Caveat: Ojingeogirl and Gulbiboy


pictureLast Friday evening, in the “TP2” class.  Everyone was in a joking mood.

Brandon said, “Did you know Cindy has a strange body.”

“What do you mean?” I asked, imagining something bad. But then the girl demonstrated strange, double-jointed limbs.

“She can put her arms behind her back strange too,” the girl next to her said. Cindy tried to demonstrate, but the constraints of her sitting position didn’t permit her a full range of motion. Still, I was impressed.

“Like an octopus,” somebody said.

picture“오징어 [ojingeo = squid],” I said. Somebody laughed. “She could be a new superhero,” I added. I’ve been thinking about superheroes, and this seemed clever. “Ojingeogirl,” I suggested. Dried squid are a universal snack food, with the same level of iconicity as hotdogs in American culture, maybe.

Cindy seemed impressed by this idea, and several other students began to riff on it. Then Luis said, “How about Gulbiboy, too? Who is Gulbiboy?”
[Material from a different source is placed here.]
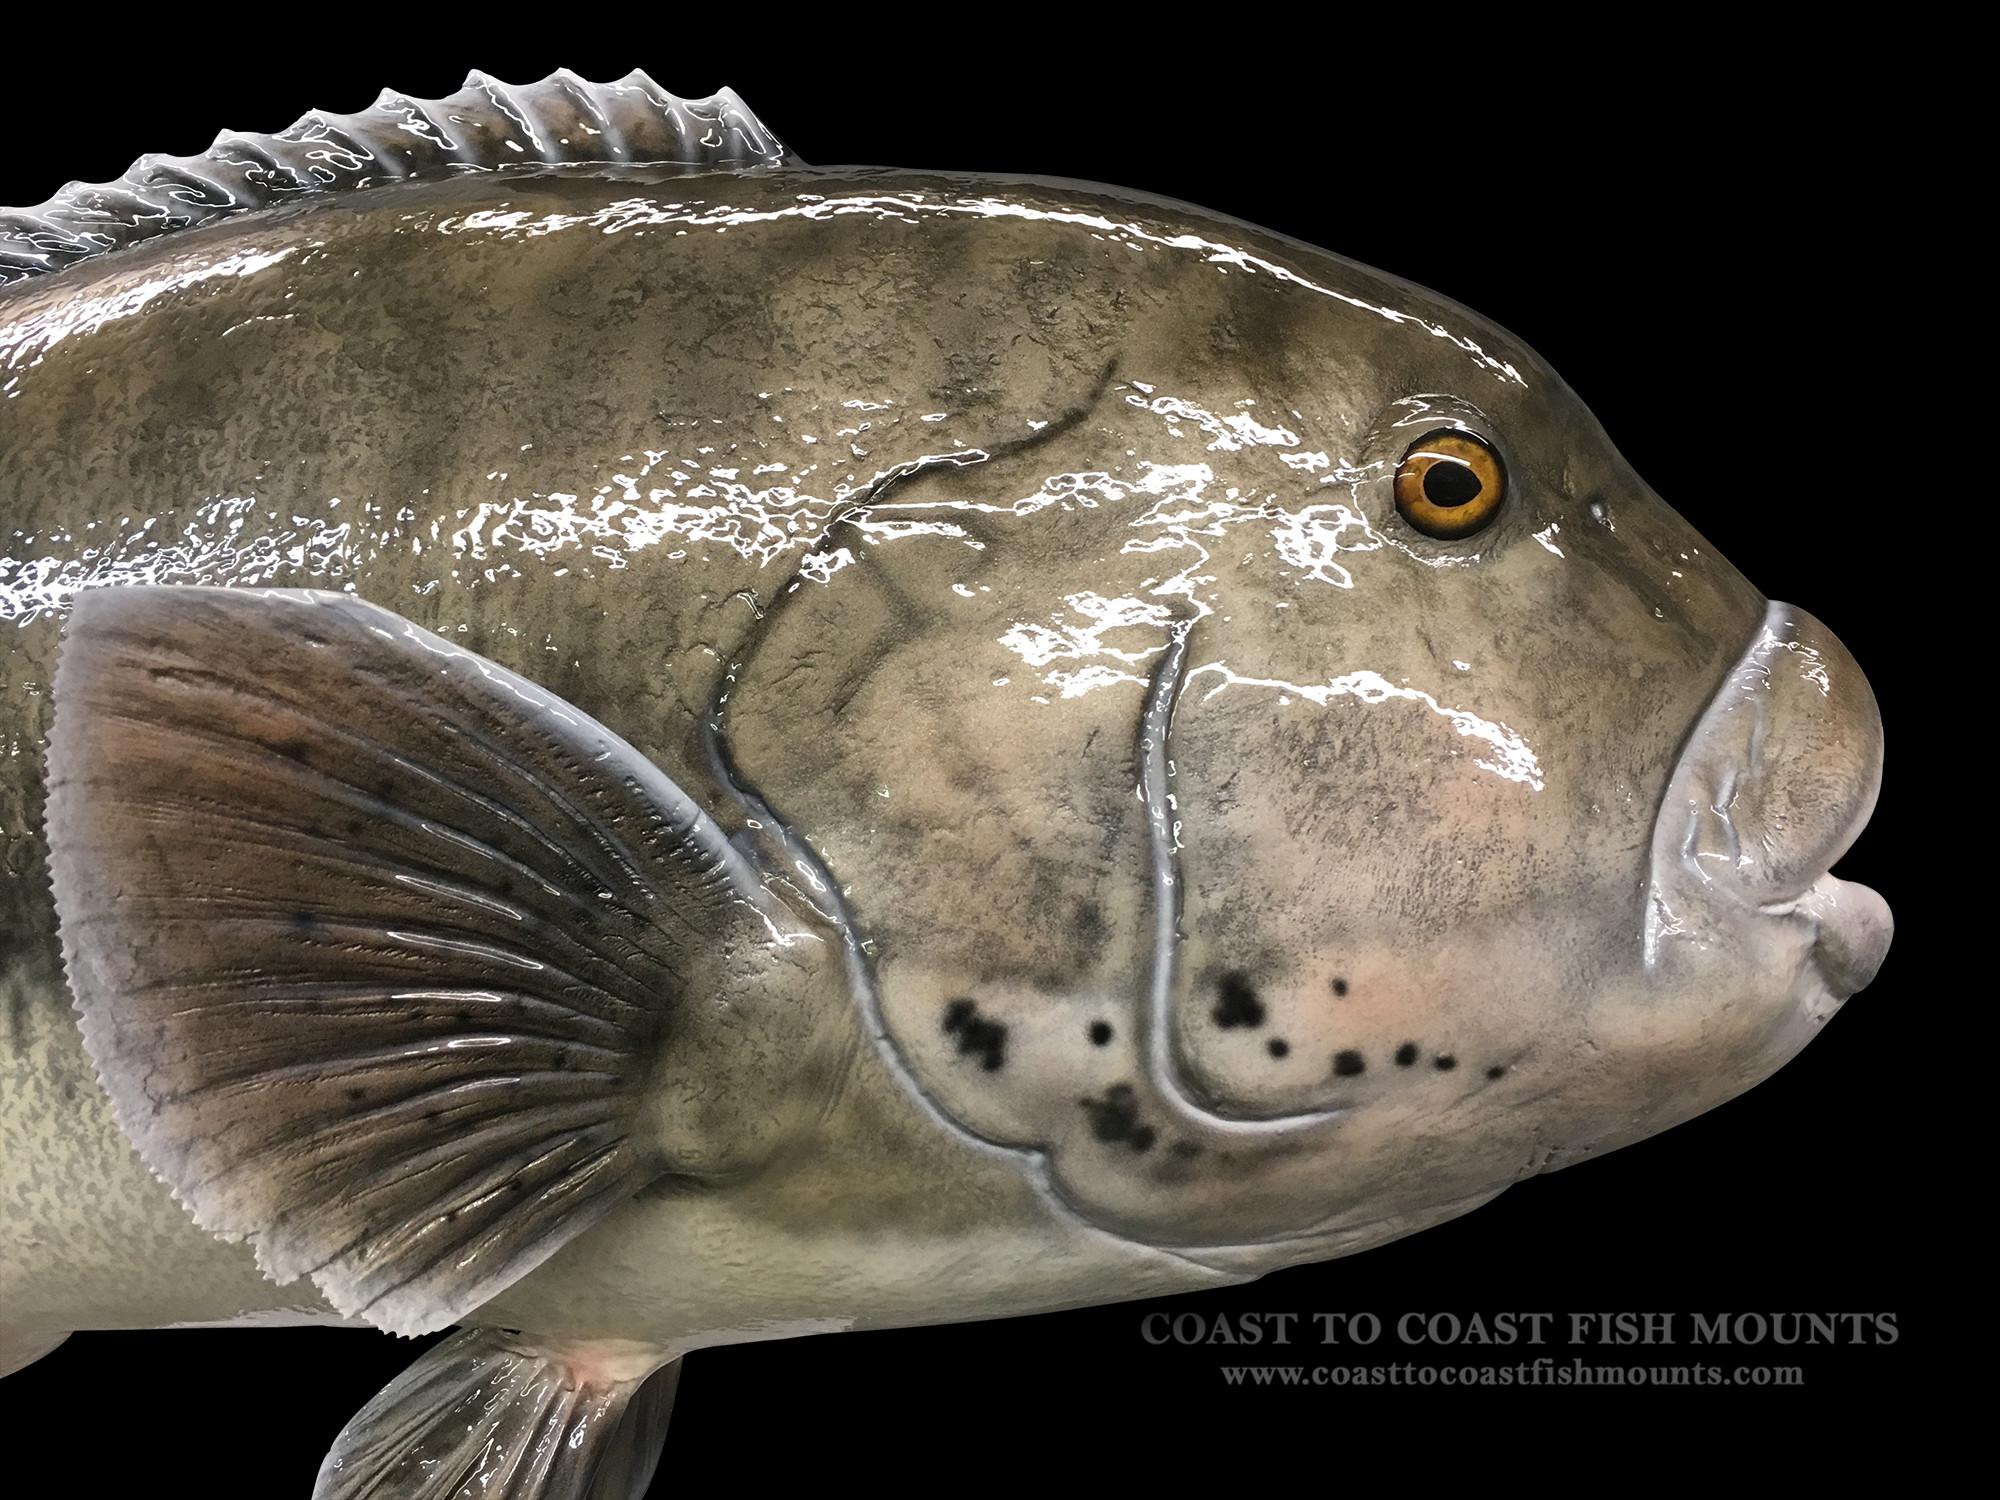 Blackfish Fish Mount and Fish Replicas | Coast-to-Coast

I pointed to Brandon. I’d been telling the students short stories about my life in Yeonggwang, earlier, and they were charmed by my accounts of “Gulbi-land” – the preponderance of gulbi shops selling the (in)famous Yeonggwang gulbi (a sort of dried croaker fish).

I pretended to have a string of dried gulbi, which I lifted. All Koreans know what dried gulbi look like, because the strings of fish are given as gifts on holidays. I mimed extracting one of the 20 cm long fish from the string, and pretended to throw it like a shuriken (Japanese “ninja” throwing star) at Luis.  “Thwack,” I emphasized. The students were all in convulsions of laughter at this point.

“Oh no, Gulbiboy!” complained Luis.

Later on, Brandon tapped me on the shoulder, in the lobby. “I am Gulbiboy!” he whispered, triumphantly. Brandon is very tall, but his face reminds me a great deal of my nephew’s, perhaps if it were aged a few years further into early adolescence. I feel a certain connection with him for that reason, maybe.

“Go rescue Ojingeogirl, then,” I suggested, pointing toward Cindy, standing out by the elevator. He made a pleased face, before he thought it through, and thought better of this.